A client nation in their own land. NOT.
There’s no plumbing the depth of this government’s ignorance. Actually that has to be a contradiction in terms. Something with depth enough to plumb would a thing of substance. The point here is that the measure of this government’s prescience is so shallow that it flickers on the surface of the country’s affairs. It is a mirage. The slightest shift in one’s line of sight and it disappears. It’s latest attempt to conjure an image of itself as getting things done (remember “practical reconciliation”?) is to declare that all Aboriginal children must learn English – the language of this country (sic!).

Some people never learn. Remember when Cathy Freeman carried two flags on her victory lap at the Commonwealth games? One was the Aboriginal flag. The other was the Blue Ensign – the flag that most people still to this day mistakenly think of the Australian flag. Mean spirited ignorant people berated her for having the Aboriginal flag with “the” Australian flag, wilfully ignoring the fact that there are at least ten Australian flags, one each for the states, territories and the Commonwealth, and the Aboriginal flag.

How many Australian languages are there? There used to be several hundred. But now the one spoken by the overwhelming majority of people living in Australia is English. That makes it an important language – not the Australian language.

Most of the languages spoken in this country before English arrived no longer exist. But those that do are spoken by people whose cultures have existed on this continent for tens of thousands of years. The cultural heritage value of those languages, if that is not too crass a way of putting it, is incalculable, and their maintenance is nothing less than a sacred trust. Those who are learning them at their mothers’ knees should be groomed in the manner a young Dali Lama. Yet all this government can do is threaten to withhold resources from people if they do not do things the way the government wants them done.

Lets be clear about one thing here: everyone living in this country should have the opportunity to prosper. Learning English would indeed be a good thing, and every effort should be made to provide that opportunity for all who are not proficient at English. But there is a an unbridgeable gulf between that position, and regarding indigenous people as wilfully recalcitrant in preferring their ways to white fella ways, and holding their very existence to ransom. Far from being people who need to be dragged kicking and screaming into white fella ways, Aborigines have an inalienable right to self determination, and Australian governments have an unequivocal obligation to foster that outcome and lead all other Australians in accommodating it and adapting to it rather than coopting ignorant and ill-informed prejudices for electoral advantage.

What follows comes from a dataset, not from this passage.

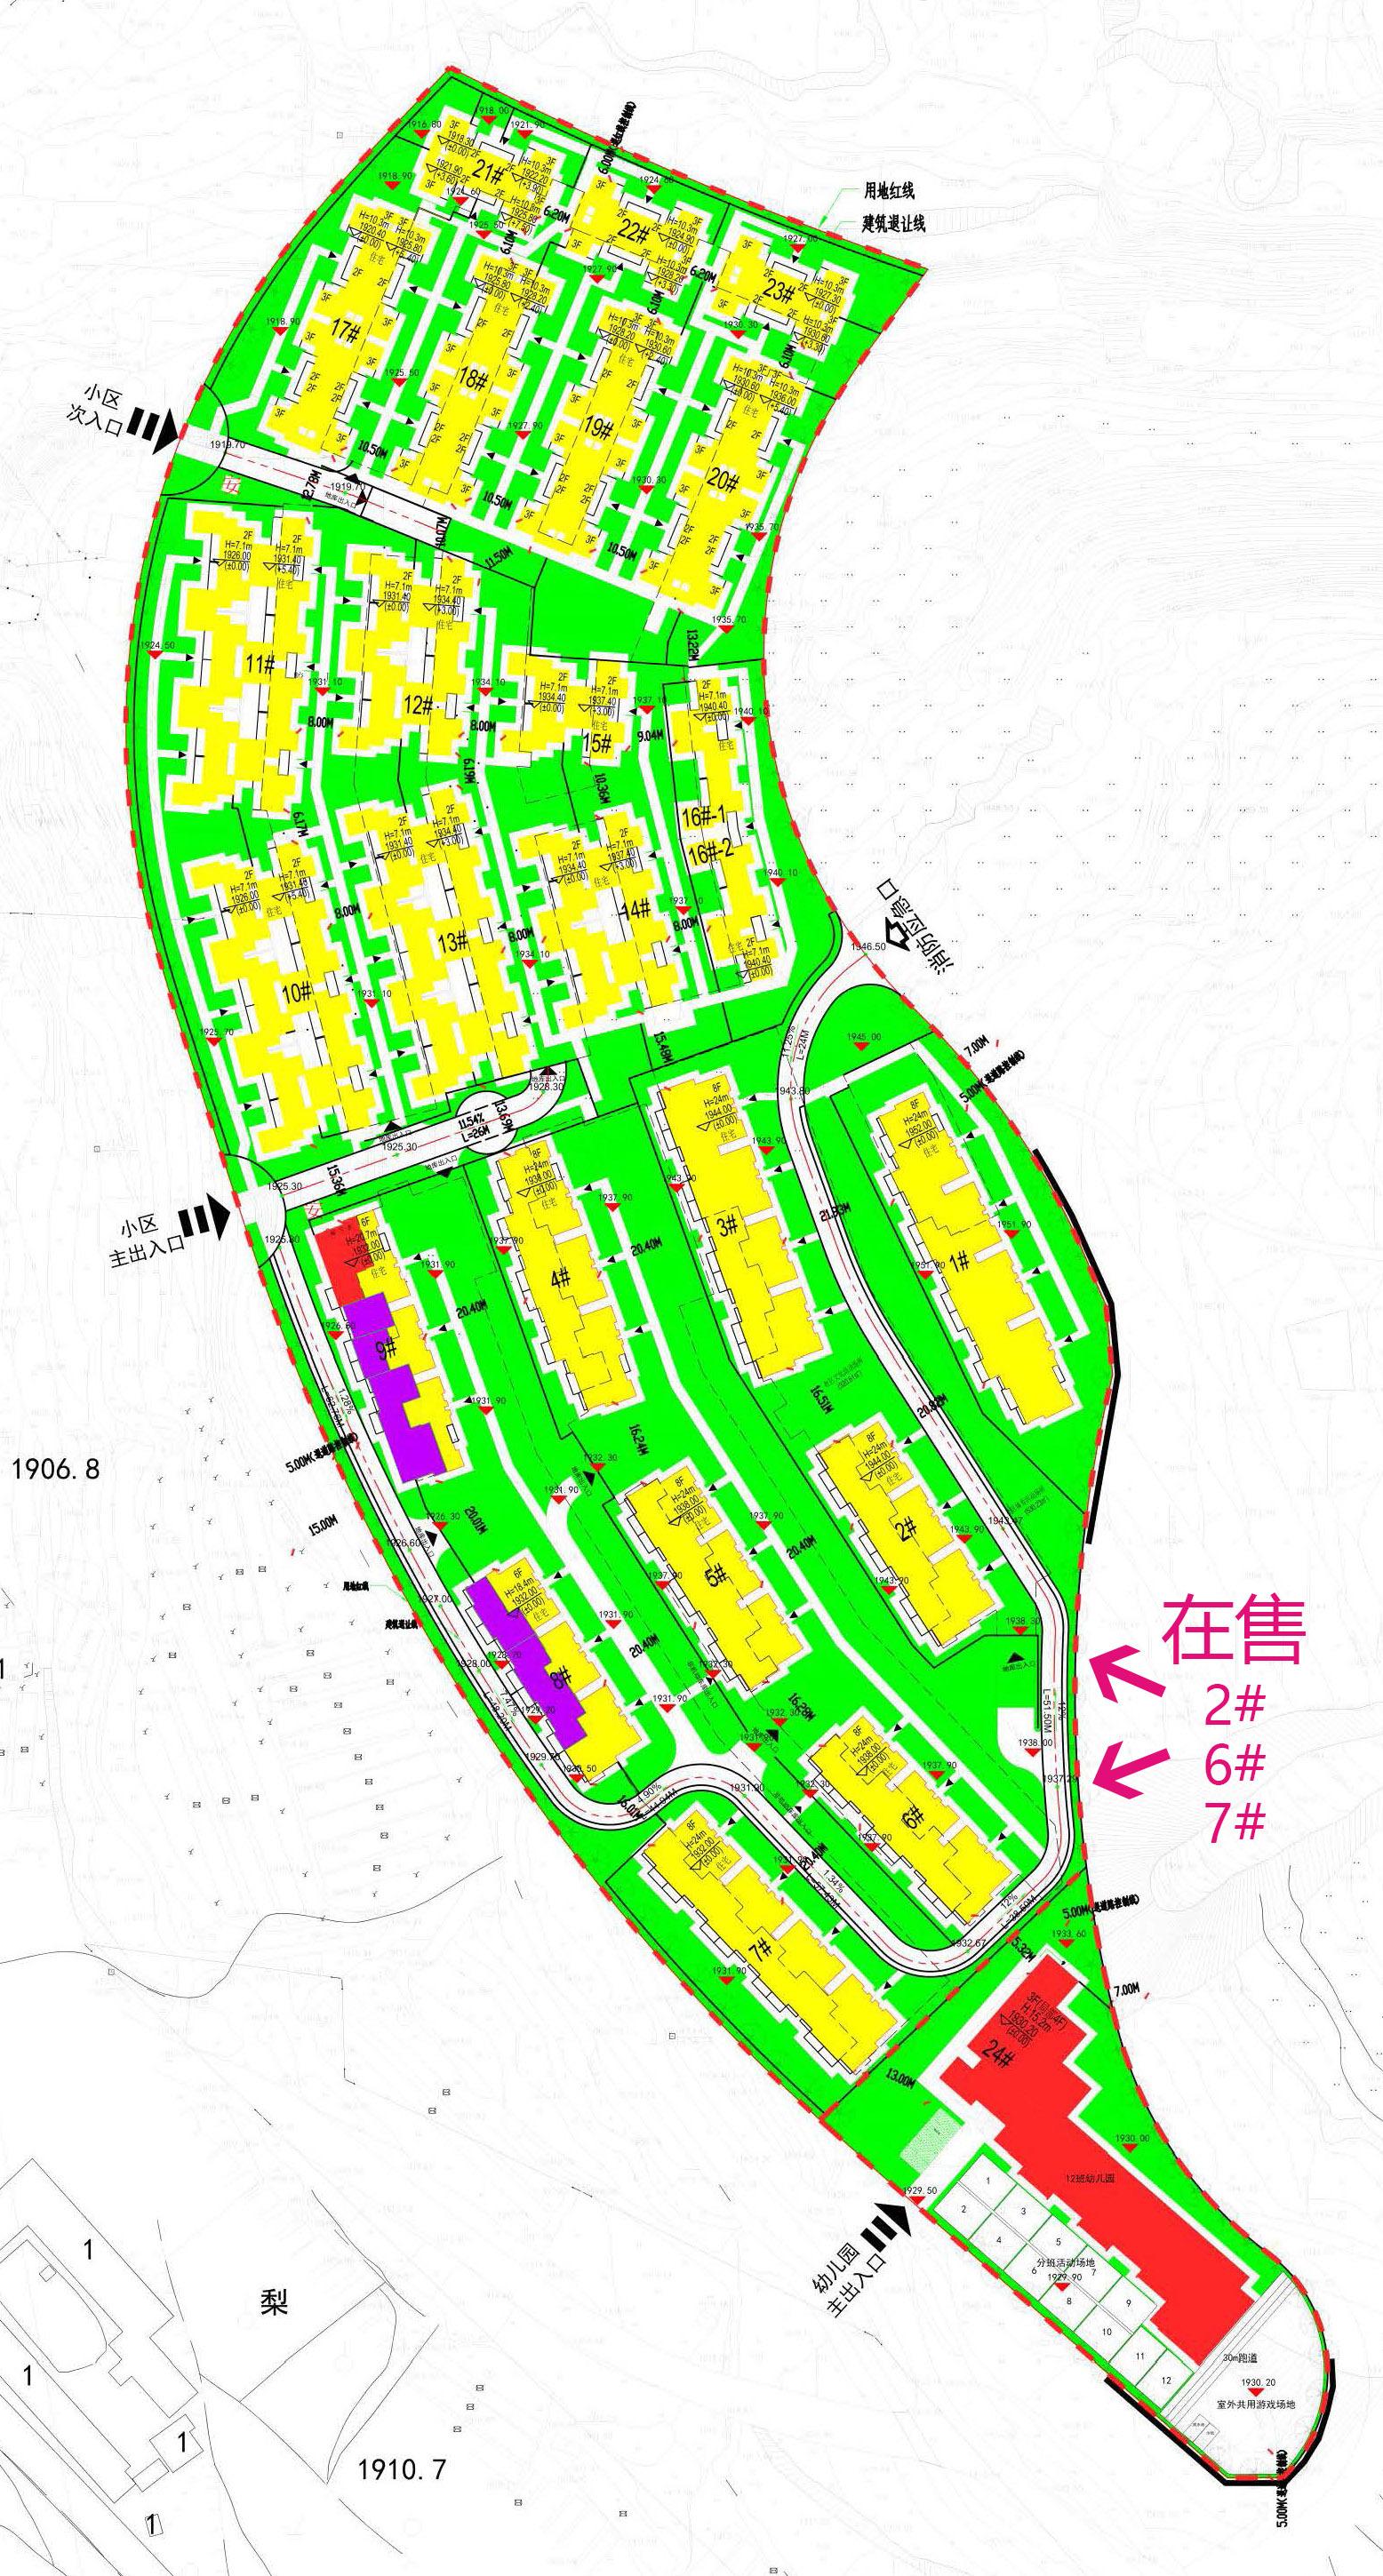 绿地滇池国际健康城 洋房小高层楼栋平面图

The way to get Aboriginal children to learn English is to value and support their culture; value them for who they are, and to support them in their most important task – being Aboriginal – and offering English as an additional language that will make them bilingual, and therefore significantly more skilled that the majority of the population who are monolingual; and provide an opportunity to play a vital role in the education of the non indigenous population.

Why wouldn’t the rest of us aspire to be bilingual as well, and learn the truth about the continent we occupy? Why wouldn’t we learn one or more of the most ancient surviving languages on earth and embrace the opportunity to know this country from the inside by learning languages that name its seasons and topography with an authority and subtlety that comes from relationships sustained over scores of millennia, instead of remaining uncomprehending, if sometimes fascinated and very possibly temporary occupiers?

This is not something anyone in this government is capable of thinking about - let alone contemplating. It’s a government that knows only the language of the bottom line – which may be another way for saying the lowest common denominator. Treating Aborigines as a client nation in their own land is as despicable an act as it is possible to imagine – especially in the light of what the world has learned about the importance of and need for human diversity in the era of decolonisation. It’s not too late to decolonise Australia. Non indigenous Australians can learn to become of the land, and we have the very best teachers available – and the language to mediate that outcome.